In every task ask: am I the one who defines the goal, or only the one who carries it out?
Identify one deeply human skill in your field. Invest in developing it deliberately.
Measure your output this month. Use AI tools to double it next month.
A content writer who uses AI to draft and edit produces 3x more than one who doesn't. The company doesn't fire the AI-assisted writer — they fire the one who takes three days to write what AI-augmented colleagues produce in one. The threat is not AI. The threat is refusing to use it.
What the Next Four Years Actually Look Like
The period from 2025 to 2030 is what labour economists are calling the critical transition window. The displacement and creation happening simultaneously today will resolve into a new equilibrium — but the path through is uneven, and the timing matters enormously for individual careers and companies alike.
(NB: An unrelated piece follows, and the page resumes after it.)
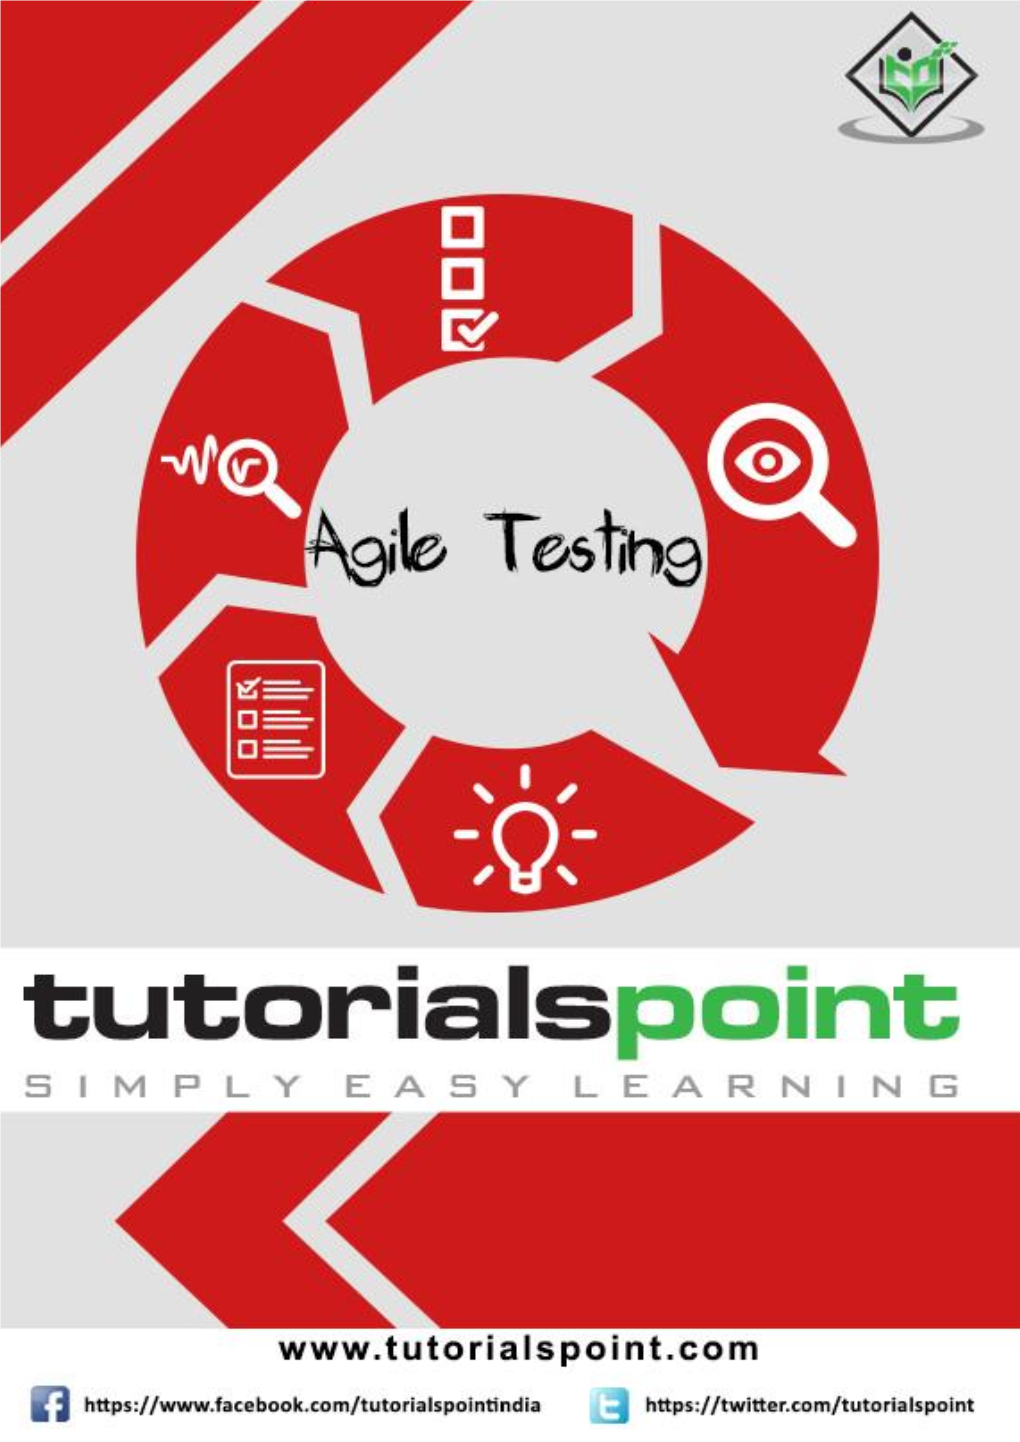 What Is Agile Testing?

The projections below synthesise WEF Future of Jobs 2025, McKinsey Global Institute, Oxford Economics, and Goldman Sachs research — calibrated against 2026 employment data that is already partially validating these forecasts.
By 2030, up to 30% of current US jobs could be automated. But 60% will have tasks significantly modified — not eliminated — by AI. And 59% of the global workforce will require upskilling or reskilling. The workers who start that journey now have a four-year head start on those who wait for the pressure to become undeniable.
The arithmetic ultimately trends positive. AI and automation could displace approximately 85–92 million jobs globally by 2030 — while creating 97–170 million new roles over the same period. The net is between 5 and 78 million new jobs depending on the pace of adoption. The question is not whether work survives. The question is whether you are positioned to access the work that does.
The Final Verdict
"AI is not replacing workers. AI is replacing workers who don't use AI. The distinction will define careers for the next decade."
Replacing: yes — 92 million roles globally by 2030.
Creating: yes — 170 million new roles over the same period.
The answer to "is AI replacing jobs or creating them?" is both, simultaneously, right now.
Which side of that equation you land on is still, largely, your choice.